Explanation. --Without prejudice to the generality of sub- clause (ii) it is hereby declared, for the avoidance of any doubt, that an award is in conflict with the public policy of India if the making of the award was induced or affected by fraud or corruption or was in violation of section 75 or section 81.

(3) An application for setting aside may not be made after three months have elapsed from the date on which the party making that application had received the arbitral award or, if a request had been made under section 33, from the date on which that request had been disposed of by the arbitral tribunal: Provided that if the Court is satisfied that the applicant was prevented by sufficient cause from making the application within the said period of three months it may entertain the application within a further period of thirty days, but not thereafter.

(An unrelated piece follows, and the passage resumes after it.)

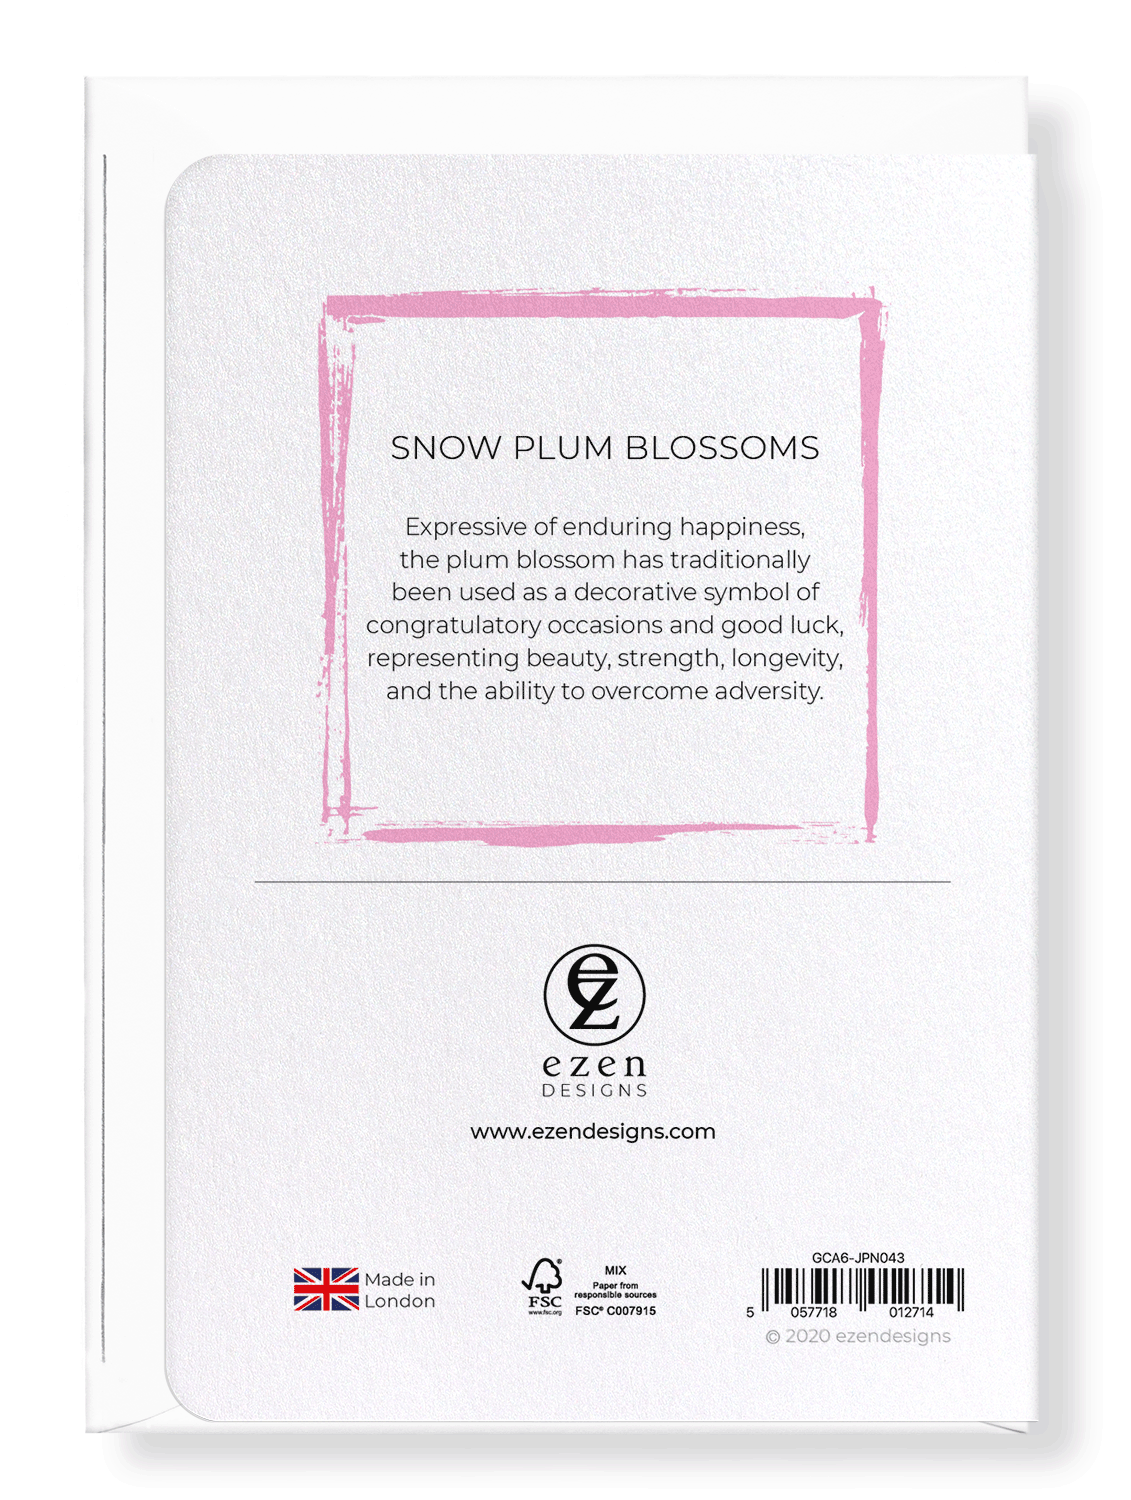 Ezen Designs - Snow plum blossoms - Greeting Card - Back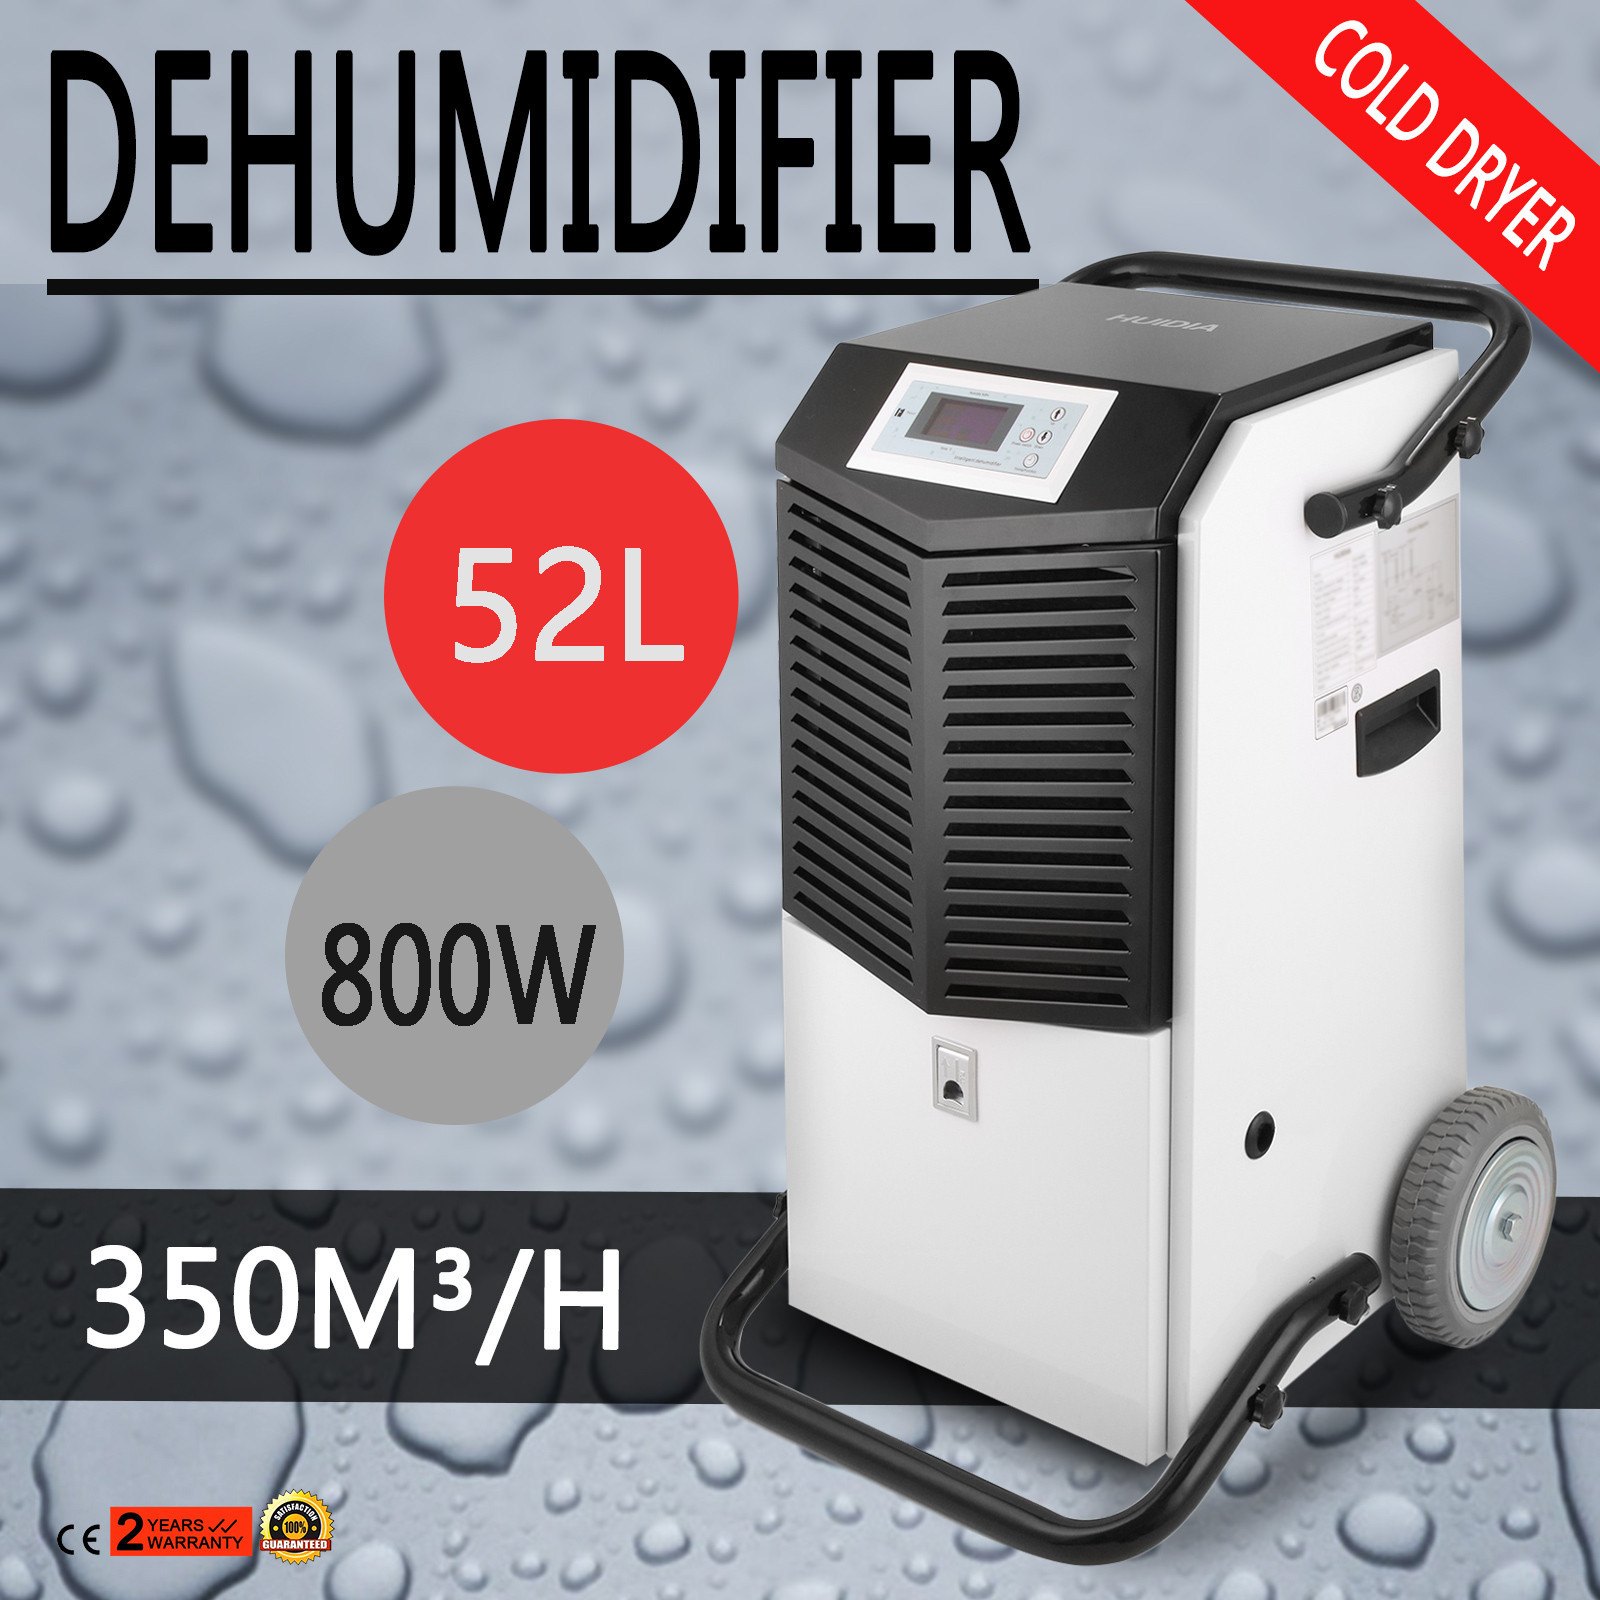 New Premium Quality Dehumidifier Dryer Reduce Air Moisture 52L от Vevor Many GEOs

(4) On receipt of an application under sub-section (1), the Court may, where it is appropriate and it is so requested by a party, adjourn the proceedings for a period of time determined by it in order to give the arbitral tribunal an opportunity to resume the arbitral proceedings or to take such other action as in the opinion of arbitral tribunal will eliminate the grounds for setting aside the arbitral award.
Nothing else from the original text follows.